Our study has several limitations. We examined a relatively small number of clinical predictors, and the CSP 027 study collected little or no information about nodule morphology on chest radiograph or CT scan. Consequently, the model explained just > 30% of the variance in etiology, suggesting that additional predictors of malignant SPN remain unidentified. Because it was developed in a geographically diverse group of primarily older, white men with SPNs, our model may be particularly well suited for use in this patient population. However, the applicability of the model to women with solitary nodules is not known. In addition, the model is not suitable for use in patients with nodules that measure < 7 mm in diameter. Because the accuracy of the model likely depends on the prevalence of malignancy in the target population, it may not be well calibrated for use in populations in which the prevalence of malignancy is much lower or higher than that in our study. However, we think that the prevalence of malignancy in our study population is fairly representative of other groups, because VA study CSP 027 strove to reduce selection bias by enrolling all patients with SPNs on a qualifying chest radiograph. Some previous studies of patients with SPN have enrolled more selected groups of patients based on CT scan results or only when they received surgical treatment, resulting in an artificially high prevalence of malignancy.

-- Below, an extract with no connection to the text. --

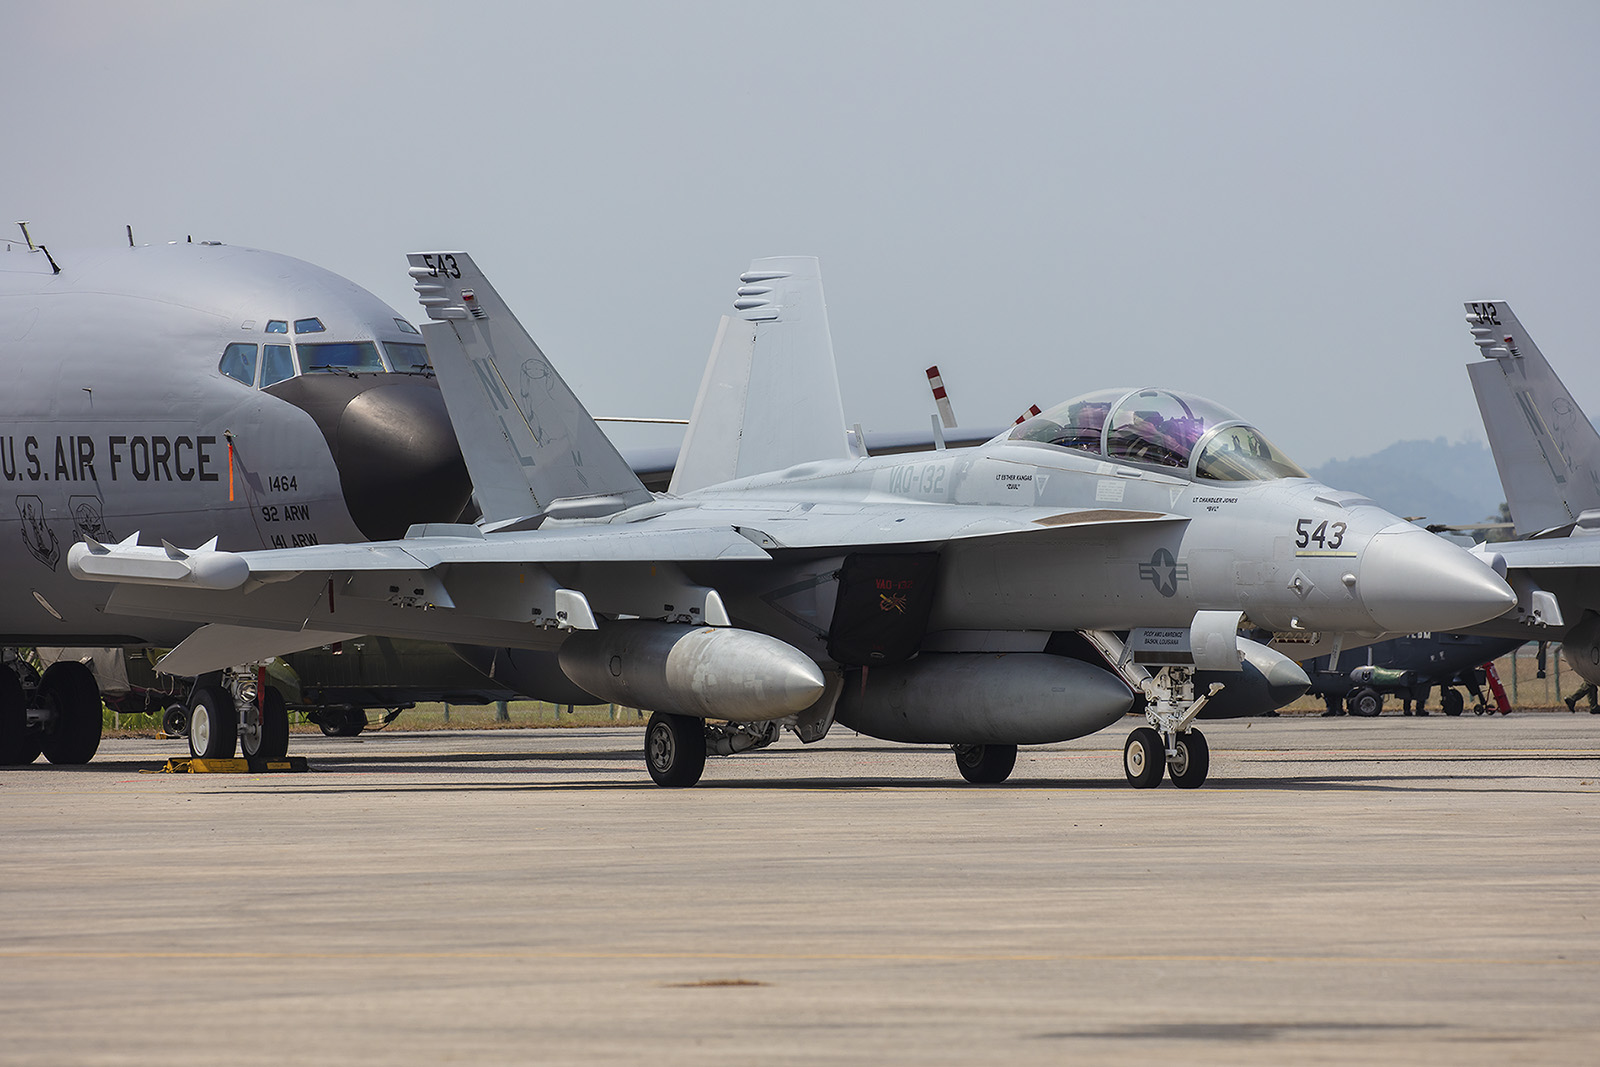 Im Vergleich zur alten Hornet ist die neue Generation F-18 ordentlich gewachsen.
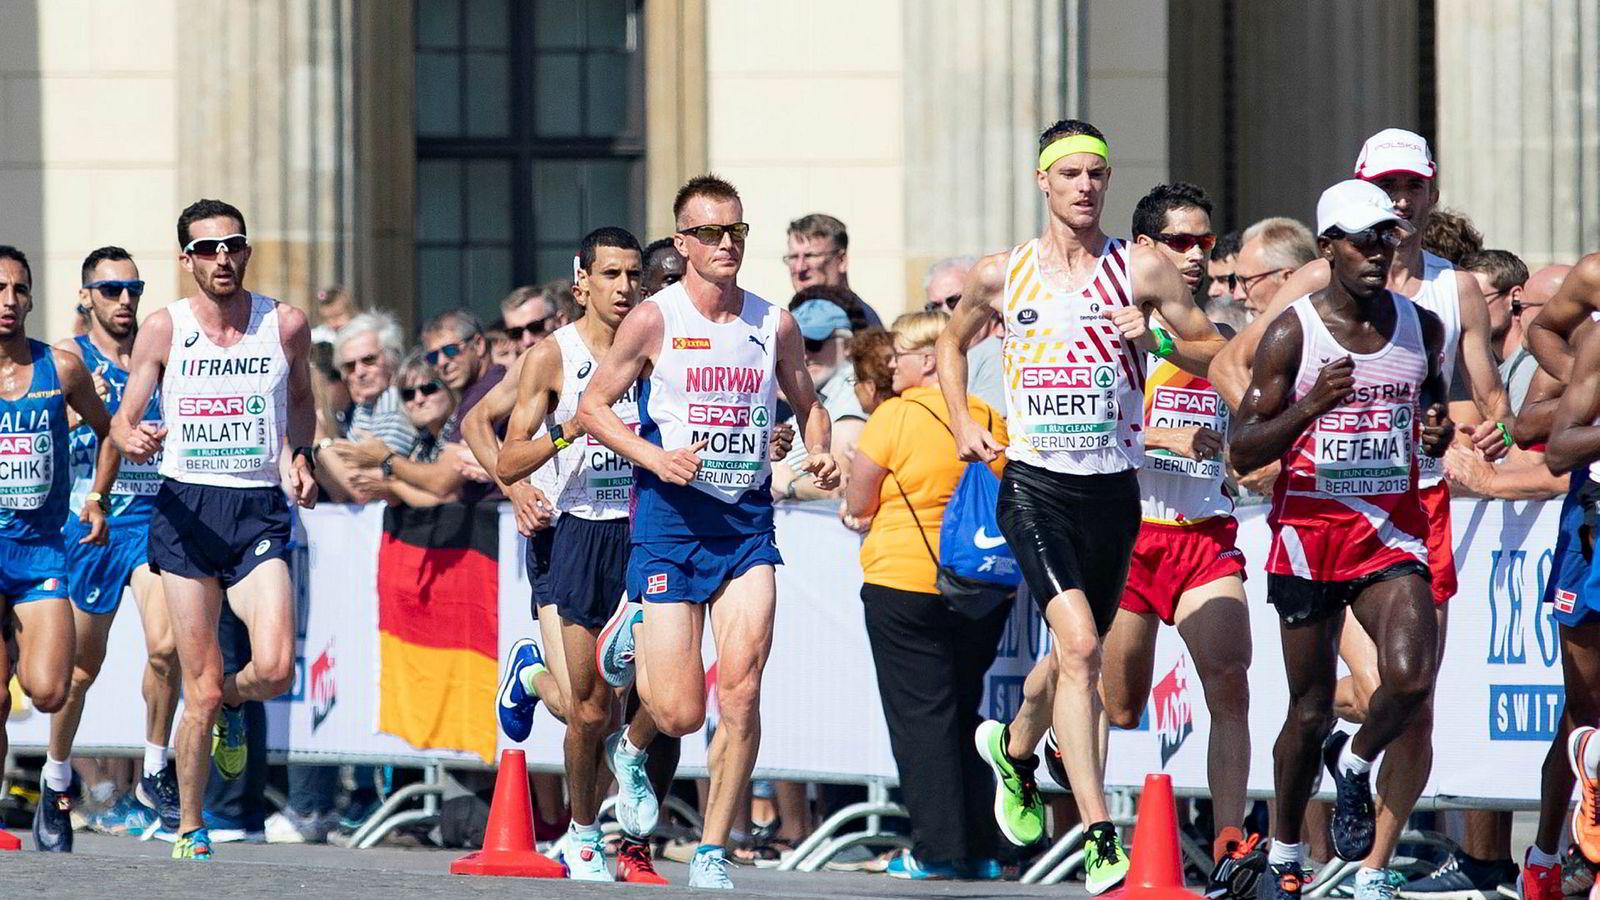 Sondre Nordstad Moen hadde en stund Europas raskeste tid på maraton. Her er han i aksjon under fjorårets friidretts-EM i Berlin.

Although the accuracy of the model was very good, we emphasize that the model is not intended to be used as a stand-alone test, but rather as a tool to help guide the selection and the interpretation of subsequent diagnostic tests. While cross-validation of the model yielded a similar AUC, our results still require external validation in an independent cohort of patients with SPNs. Despite these limitations, we conclude that the pretest probability of malignancy can be estimated by using a parsimonious clinical prediction equation that has the potential to facilitate clinical decision making in the management of patients with SPNs. The risk of malignancy is highest in older patients who are current smokers or recent quitters with larger SPNs.
This study was supported by VA Cooperative Studies Program (CSP 027), “F-18 Fluorodeoxyglucose (FDG) Positron Emission Tomography (PET) Imaging in the Management of Patients with Solitary Pulmonary Nodules (SNAP).” Dr. Gould was supported by grant R01 CA117840–01A2 from the National Cancer Institute.
The authors have reported to the ACCP that no significant conflicts of interest exist with any companies/organizations whose products or services may be discussed in this article.
The views expressed in this article are those of the authors and do not necessarily represent the views of the Department of Veterans Affairs or the National Cancer Institute.